Maximum number of steps per runbook: 100.

Maximum execution history retention: 30 days (can be extended by logging to S3 or CloudWatch Logs).

Rate of execution starts: 10 per second per account per region (soft limit).

Troubleshooting

Permission Errors: Check the Automation Assume Role and ensure it has the necessary actions. Also verify the instance profile for SSM Agent commands.

Timeouts: Increase timeoutSeconds or check network connectivity.

Step Failures: Use aws:executeAwsApi with IsOutput to capture error details. Check CloudTrail for API calls.

Best Practices

Use version control for runbook documents (e.g., store in Git and sync to SSM).

Test runbooks in a non-production environment first.

Use approval steps for destructive actions.

Leverage aws:executeAwsApi for custom API calls instead of Lambda for simplicity.
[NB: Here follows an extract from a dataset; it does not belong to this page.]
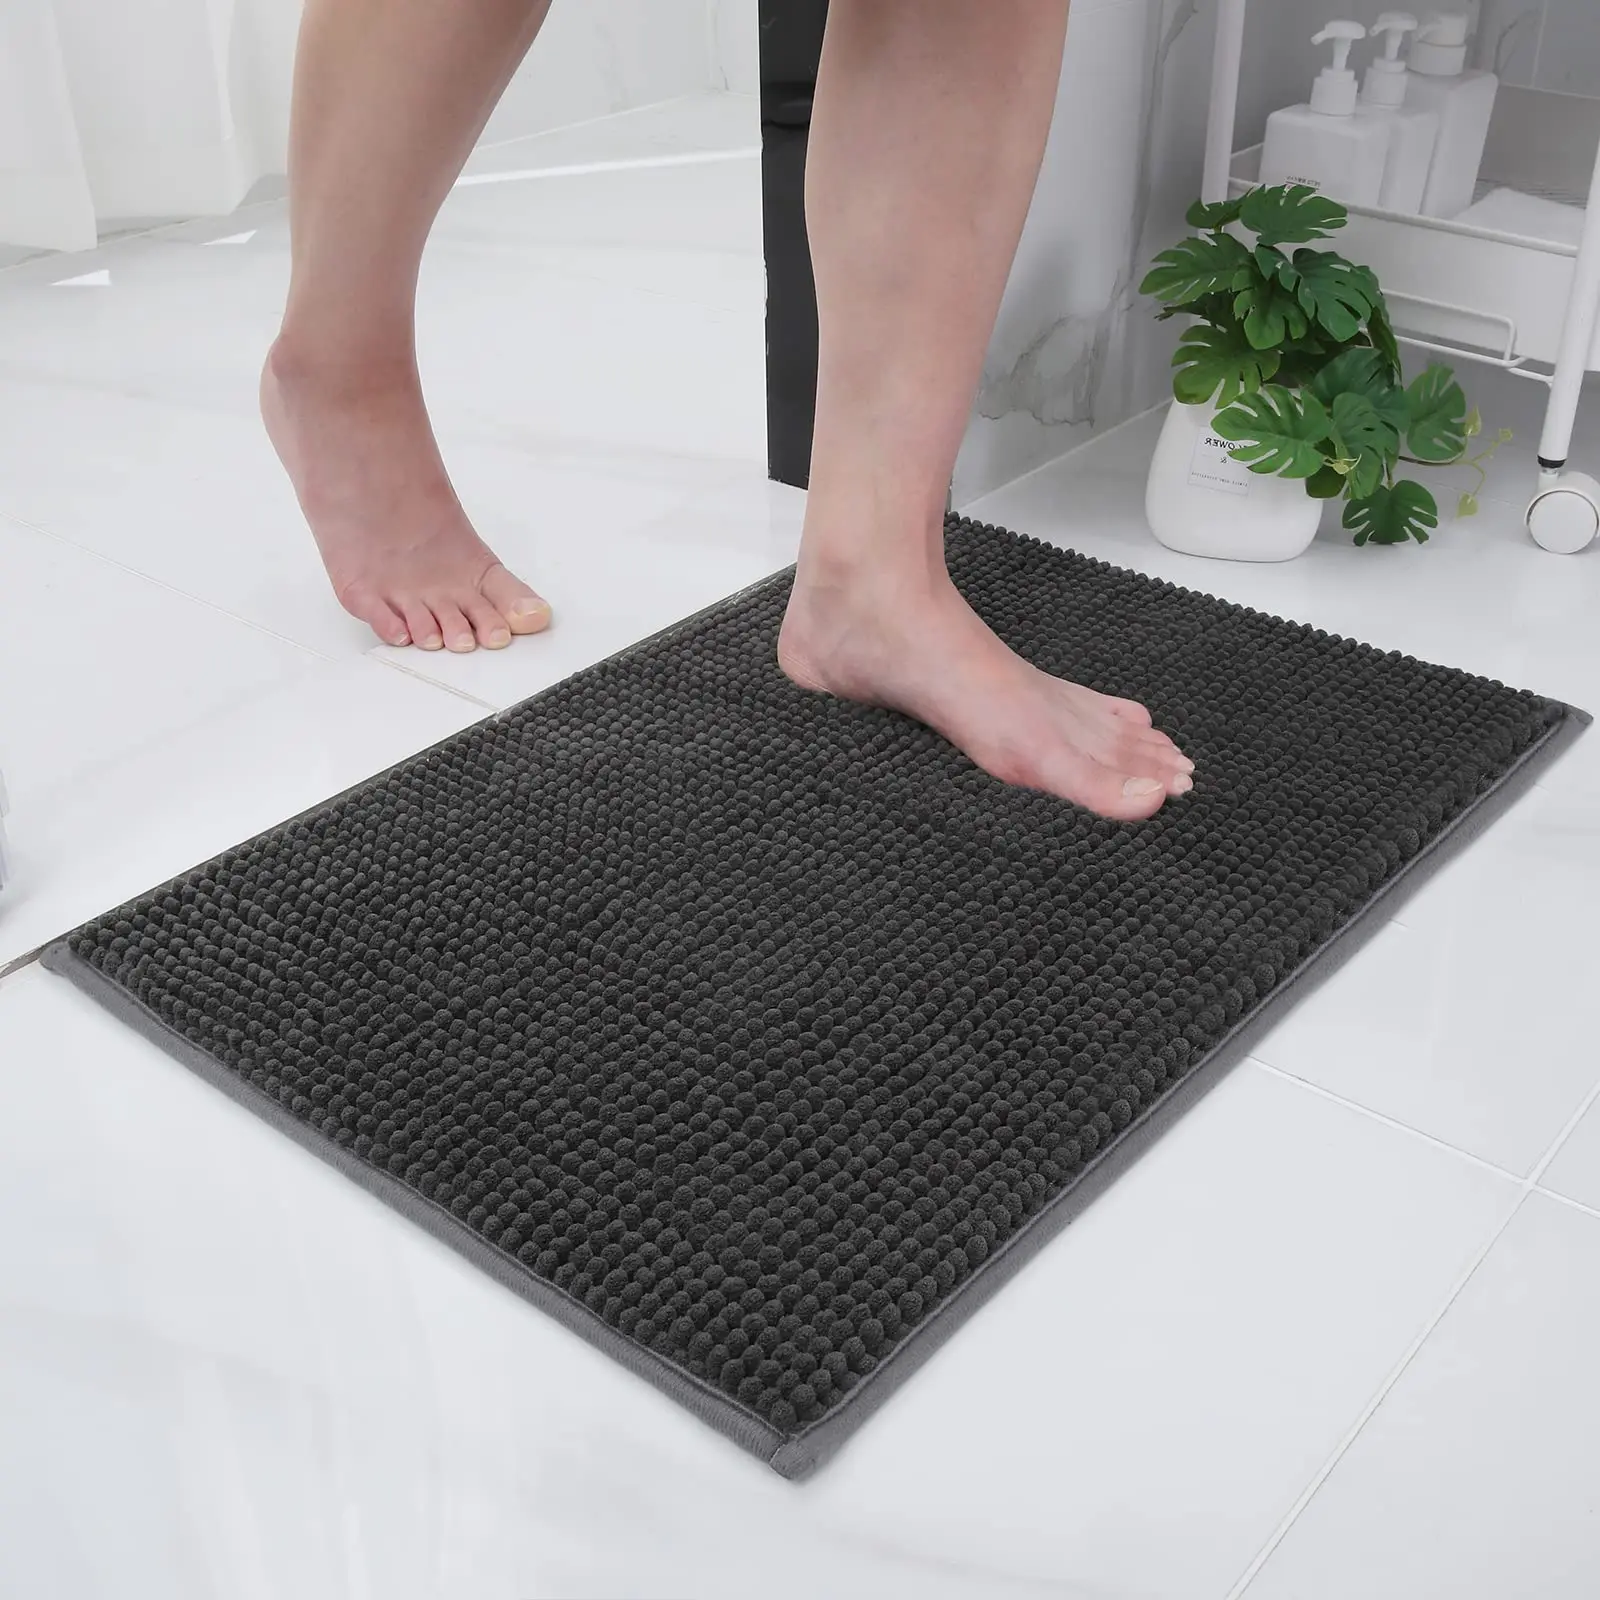 Homaxy PVC Water-proof Foot Mat Soft Non-Slip Bathroom Mat with

Tag runbook executions for cost tracking and filtering.

Walk-Through

1

Create or Select Runbook

The first step is to either use an AWS-provided runbook (e.g., AWS-RunPatchBaseline) or create a custom one. Custom runbooks are written in YAML or JSON with schemaVersion 0.3. You define parameters that users can input when starting execution, and mainSteps that list the actions to perform. The runbook is stored as a Systems Manager Document. When creating a custom runbook, you must specify the document type as 'Automation'. The document content includes metadata like description and assumeRole (optional). You can also use the AWS Management Console to create or import runbooks.

2

Configure Execution Details

When starting an Automation execution, you must specify the document name, parameters, and targets (if applicable). You can target instances by tags, resource groups, or individual instance IDs. You also define the Automation Assume Role — an IAM role that Automation will assume to perform actions. Optionally, you can set rate control parameters: maxConcurrency (how many instances to process simultaneously) and maxErrors (how many errors to tolerate before stopping). For approval steps, you can set the number of approvers needed and the timeout for approval.

3

Execution Begins and Steps Run

Once started, the Automation service reads the runbook and begins executing steps sequentially. For each step, the service uses the Assume Role to call the specified AWS API or send a command via SSM Agent. If the step targets EC2 instances, the SSM Agent on each instance executes the command and returns output. Steps can include conditional branching (aws:branch) to choose different paths based on previous step outputs. The service tracks each step's status and logs all actions to CloudTrail. If a step fails, the onFailure setting determines behavior: Abort stops execution, Continue skips the step, or roll back to a previous step.

4

Approval Step (if present)

If the runbook includes an aws:approve step, execution pauses and waits for a user to approve or deny via the AWS Management Console, CLI, or SDK. The approver must have the appropriate IAM permissions (ssm:UpdateAutomationExecution). The step can require a single approver or multiple approvers. A timeout can be set; if no decision is made within the timeout, the step can be set to fail or continue automatically. Once approved, execution resumes with the next step. This is commonly used before destructive actions like instance termination or AMI deletion.

5

Execution Completes and Logs

After all steps have executed (or failed/stopped), the execution enters a final state: Success, Failed, TimedOut, or Cancelled. The execution history, including inputs, outputs, and step statuses, is retained for 30 days by default. You can view details in the Systems Manager console or via CLI (get-automation-execution). All API calls made by Automation are logged in CloudTrail, providing an audit trail. You can also configure Automation to send execution logs to CloudWatch Logs or S3 for longer retention. Failed executions can be analyzed to identify the failing step and error message.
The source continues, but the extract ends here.